In-Depth
XML meets the data warehouse
- By Jack Vaughan
- December 31, 2002
On first view, the marriage of data ware- housing and Web
services seems somewhat suspect -- like a Hollywood marriage that is not given
much chance to last. Data warehouses are big and mission-critical; they are
sturdy, almost heavy. Web services are more ephemeral, almost like applets; they
are lightweight and loosely coupled. Thus, this marriage may be a mismatch. One,
some would say, made in Market Hype Heaven.
But useful data management advances may come from this match. There may be
something to the application of Web service techniques to BI problems, say
several industry insiders. But, some suggest, it might be wise not to expect Web
services to change this area overnight.
Coming to terms
What are Web services? They are still as much
high-concept as they are technical reality. Underlying Web services is XML, a
descriptive means of handling data that has gained wide industry support. When
IBM, Microsoft and others agreed upon SOAP in 1999, the basic means for an
XML-based, industry standard communication mechanism was put in place.
SOAP is a simple pipe, and its authors left room for enhancements. SOAP may
or may not include an RPC. But it stands as an alternative to the tightly
coupled computing protocols of the past. Moreover, it is posed as easier to
program. XML is somewhat more readily understandable than lower-level languages.
Closely associated with SOAP are WSDL and UDDI.
While easier integration is more than most application development managers
can ever hope for, there is more to the Web services story. The idea of light,
unfettered apps and data marts has infiltrated the world of business
intelligence, data analytics and data warehousing.
Meanwhile, Microsoft and others have painted a picture of small, general apps
that tap into a Web services architecture as needed. In data warehousing, this
could lead to, for example, a calculating formula engine that slices data for
analysis, or even pre-packaged multidimensional data cubes available on demand
and on the Internet.
Some envision ''supply chains'' of data interchange. This can happen now, for
example, between K-Mart and Proctor & Gamble. The P&G soap product line
manager can get a feed on how a line of merchandise is doing in the Midwest,
look at in-house inventory reads and cross-reference this to demographic
databases, all to formulate a promotional campaign to run at K-Mart's Midwest
stores. With Web services, theoretically, the data will come to the P&G
power user's desktop with less need for drastic transformation; and, again,
theoretically, a third-party demographic database or analytical algorithm could
be briefly rented and immediately applied to the K-Mart store reports.
It happened one night
Why will this not happen overnight? XML may be a great
lingua franca
for integration, but the industry will not suddenly
move all of its data into XML data stagers or integrating data hubs.

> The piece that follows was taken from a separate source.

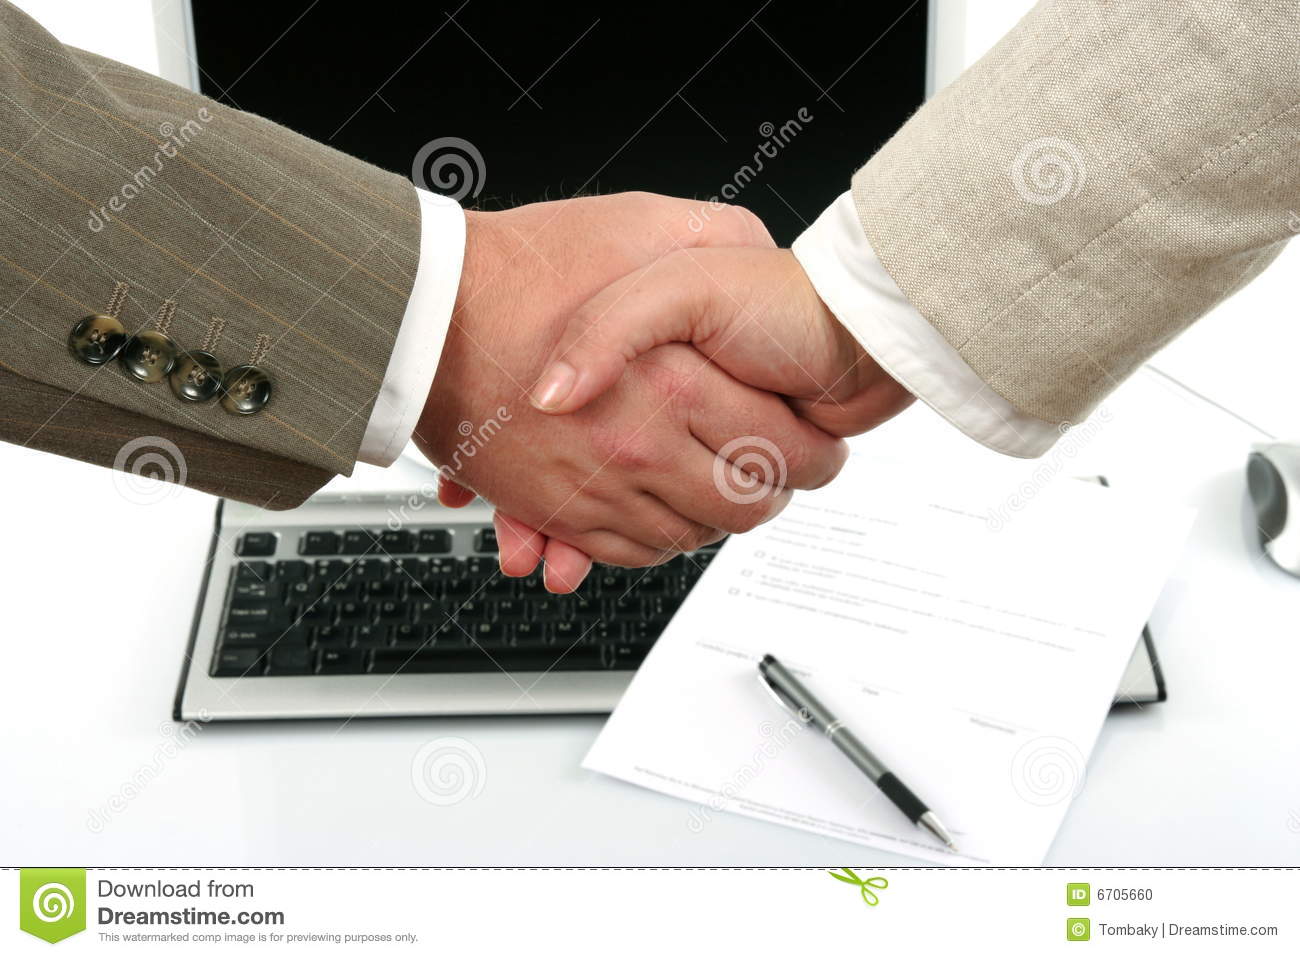 Man And Woman Shaking Hands In Front Of Computer And Document With Pen

Only when a number of these are built will IT shops be able to gauge the
''speed hit'' that can come with XML descriptive (''verbose'' some would say)
prowess. Already, makers of novel XML-specific-processing engines are readying
hardware accelerators to push XML integration more effortlessly over speed
bumps.
Speed gained here counts only to help system throughput on the middle tier
and back end. What about the client side?
Analytic tool vendors have spent years creating and touting HTML, then
JavaScript, then Java and DHTML interfaces for clients to do data analysis. They
have tried to create intuitive data navigation schemes, and to run end-around
plays to avoid cumbersome trips to the server and data sources.
The dirty little secret of the industry may be that power users want a robust
client and a tight connection to data. If Web services in analytics succeed, new
types of user interfaces may be needed.
Deeper, more specific standards must be built, beyond SOAP, for Web services
to flourish. Underway are data analysis-oriented initiatives like XMLA and
JOLAP, as well as many others, including vertical industry-specific formats.
The challenges to applying Web services within firewalls to data integration
problems are one thing. Creating chains of services across the Web are another,
say industry players close to this issue. UDDI, the ''yellow pages''-style
directory for finding services, is still in its infancy. The special
requirements of data warehouses must be met before XML and business intelligence
truly becomes a marriage. Assuring the safe transmission of services and
creating acceptable mechanisms for paying for services will take time.
These challenges are likely to temper unbridled enthusiasm for Web services
in warehousing, not to dash it. This year should be significant. XMLA proponents
are preparing to engage in public ''bake-offs'' that show interoperability of this
protocol.
Why a warehouse?
What is the purpose of data warehousing today?
''To provide a unified view of something like customer information,'' said Aaron
Zornes, executive VP, app delivery strategies at Meta Group. ''Today, it is
mostly internal. And they use fixed tools going against a subset of a data
warehouse.
''At some point, we have to decouple those tools,'' added Zornes. ''People don't
want to hard-code proprietary tools to networks that hook into information from
all over the world, or even internally. They want to hook in flexibly on the
fly.''
Issues to overcome include XML throughput. ''Some say there's too much
overhead for some 'real-time' data transformations,'' noted Zornes. ''But for
batch transforms after an initial [intersystem] handshake, it may be adequate.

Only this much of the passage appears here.